Identification of immune gene co-expression modules of BLCA
Immune gene co-expression modules were identified by clustering the samples by WGCNA.Using the default parameters of the "WGCNA" R package with a soft threshold of 4 for scale-free network. The representation matrix was then converted to an adjacency and then to a topological matrix. We finally got 5 modules, of which the gray modules are not grouped together with other modules (Figure S7 and Fig. 6A). The survival analysis was also identified (Fig. 6B). It is found that the Turquoise module had significant prognostic efficacy, with differently expressed pathways such as cytokine pathway, natural killer meditated cytotoxicity pathway as well as antigen progressing and presentation pathway (Fig. 6C-D) .
Identification of differential expression genes (DEGs) between immune subtypes
To explore our immunotyping more deeply, we intersected the differentially expressed genes between distinct three clusters (p < 0.05) (Figure S7 D and SupplementaryTable3), and showed it in the heat map (Figure S7E).

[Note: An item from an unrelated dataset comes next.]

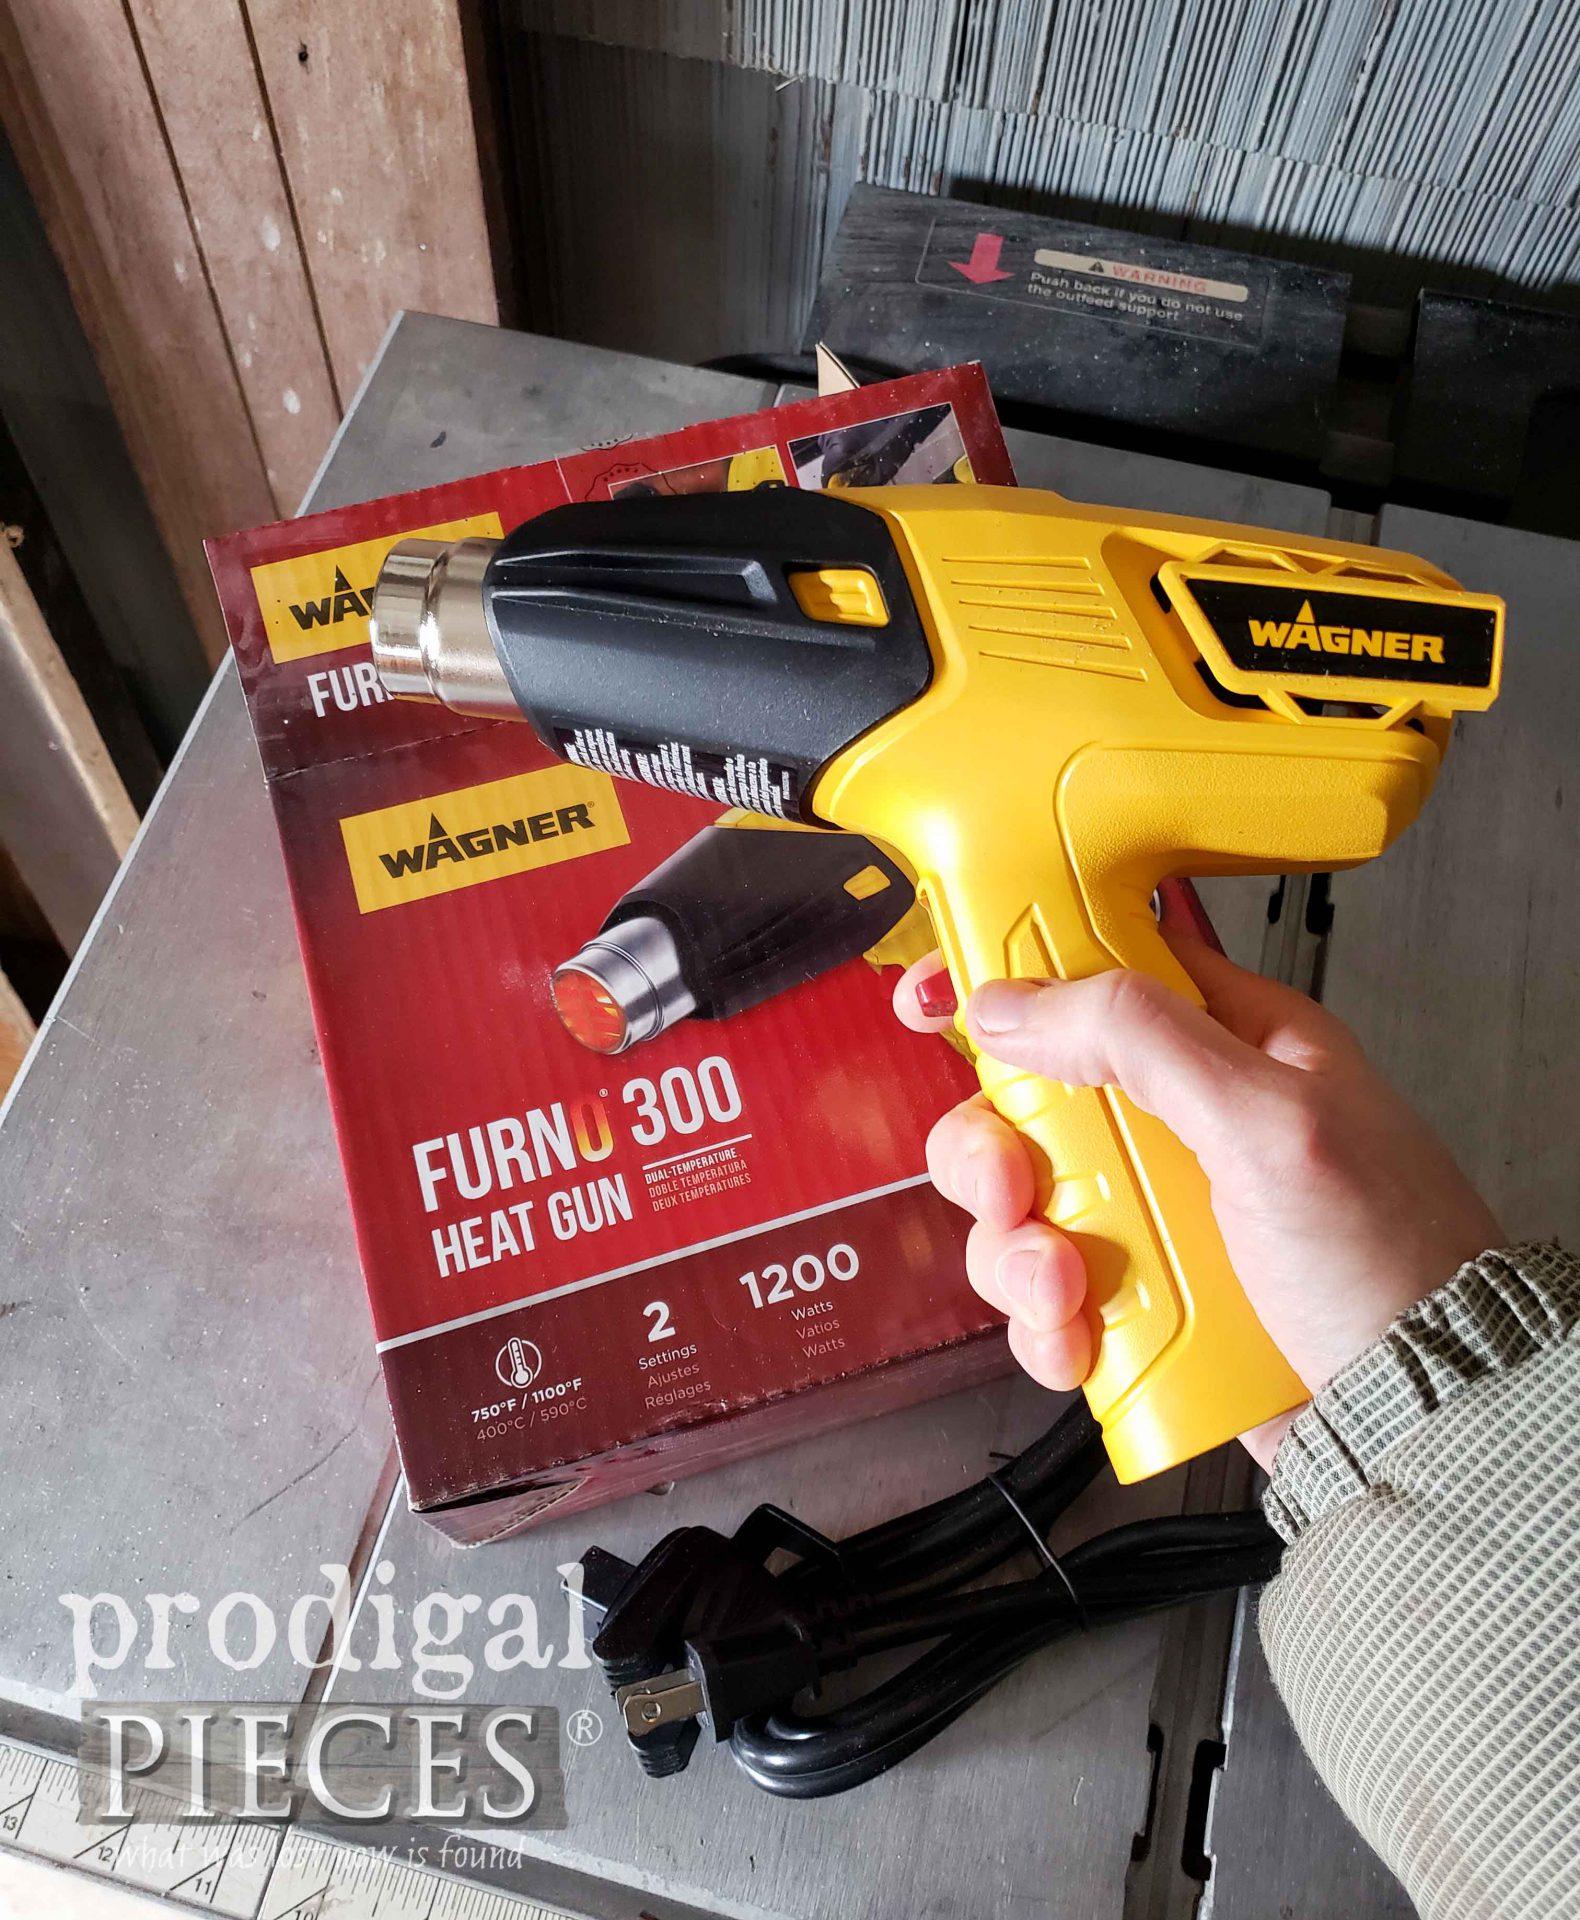 Wagner Heat Gun | prodigalpieces.com
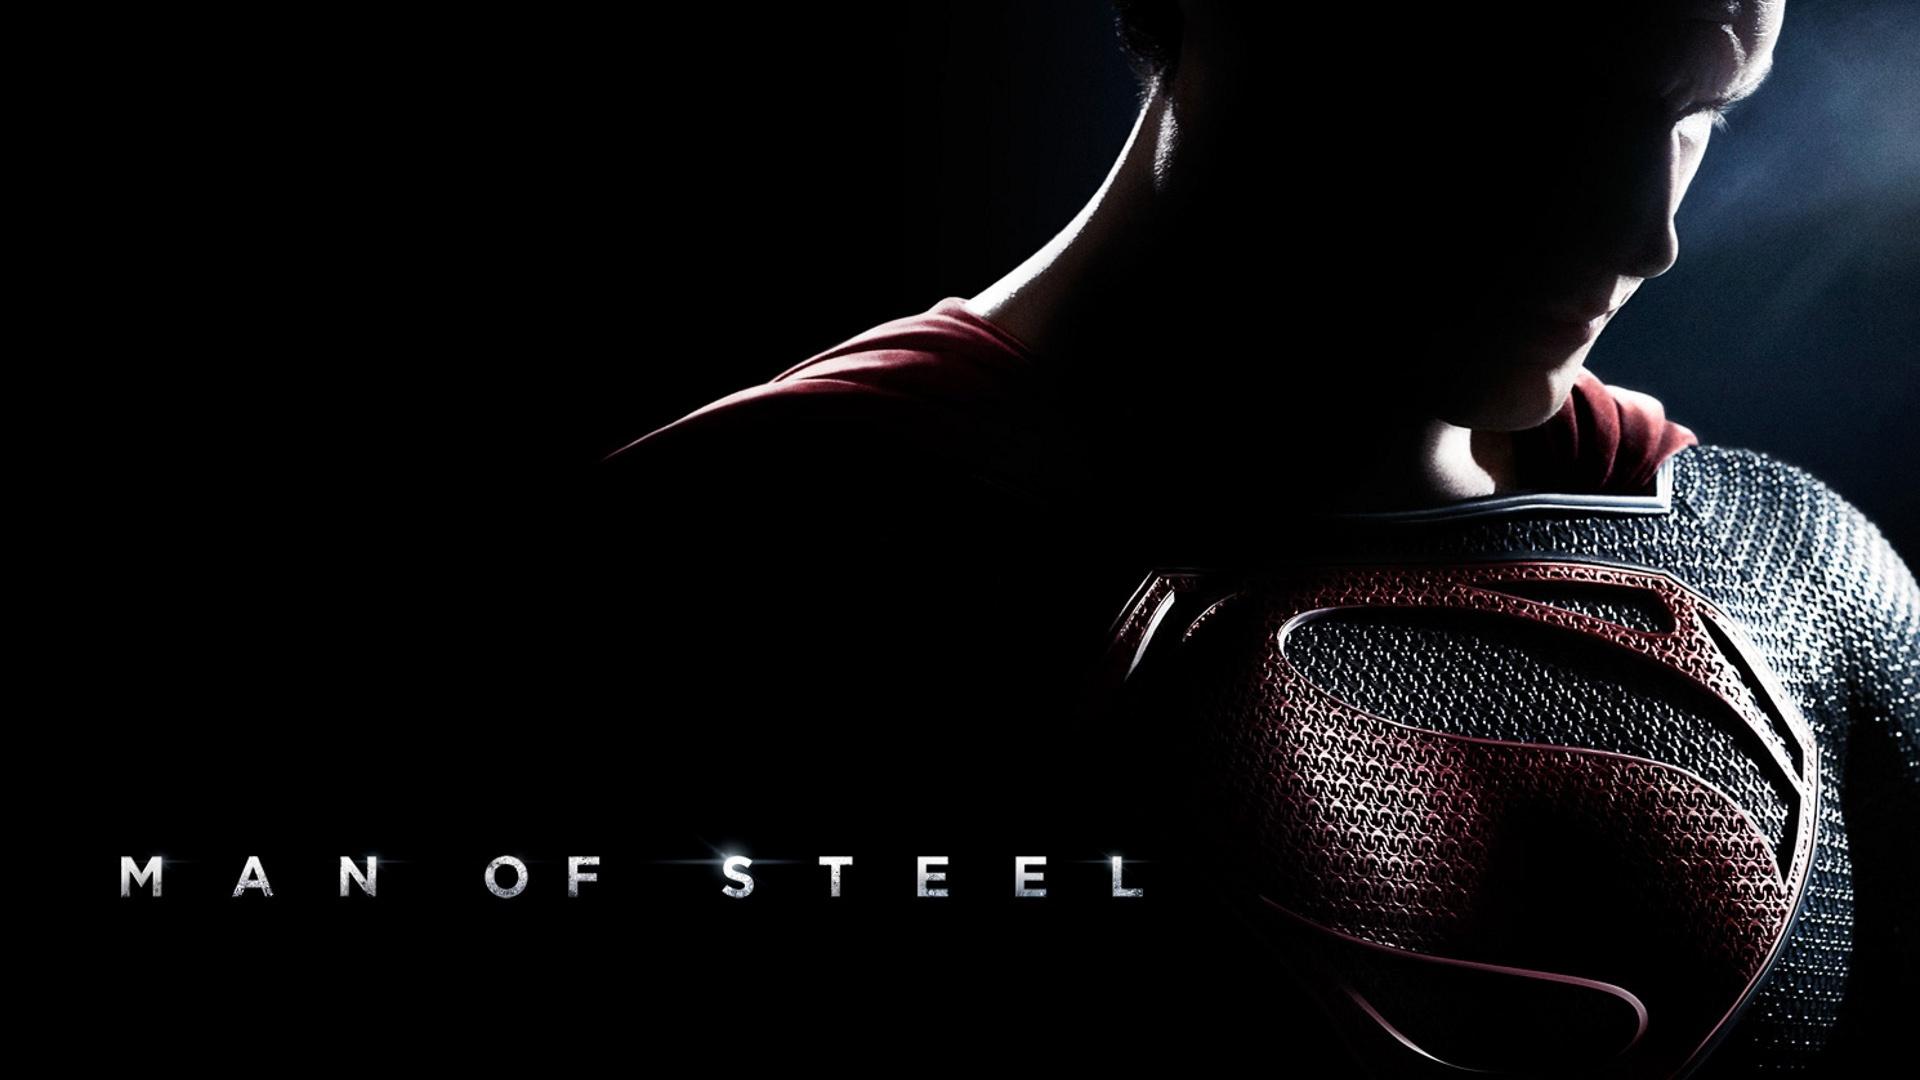 man-of-steel-movie-image

Then, by intersecting the differential expression genes between subtypes (4505), potential antigen candidate genes (764) and prognostic module hub genes (518), we have finally defined 10 genes as key tumor antigen markers (Fig. 7A). We performed a univariate cox regression analysis on all key tumor antigen markers and screened 3 genes with P < 0.05 (Fig. 6B-C). Through LASSO regression analysis, we built a risk model (Fig. 2D). We found the expression of MMP9 and INHBA in the low-risk group was significantly lower than that in the high-risk group, while ERBB3 was significantly higher in low-risk group, which also confirmed their risk and provides a direction for clinical research (Fig. 2E). In addition, we also found that MMP9 is also a potential prognostic-related antigen, which is consistent with our previous study. It can be found that the risk scores are significantly different between subtypes, and the proportion of high-risk samples in Cluster 2 is relatively high, while the proportion of low-risk samples in Cluster 3 is relatively high (Fig. 2F). Taken together, we believed that ERBB3, MMP9 and INHBA were potential BLCA antigens biomarkers for mRNA vaccine development.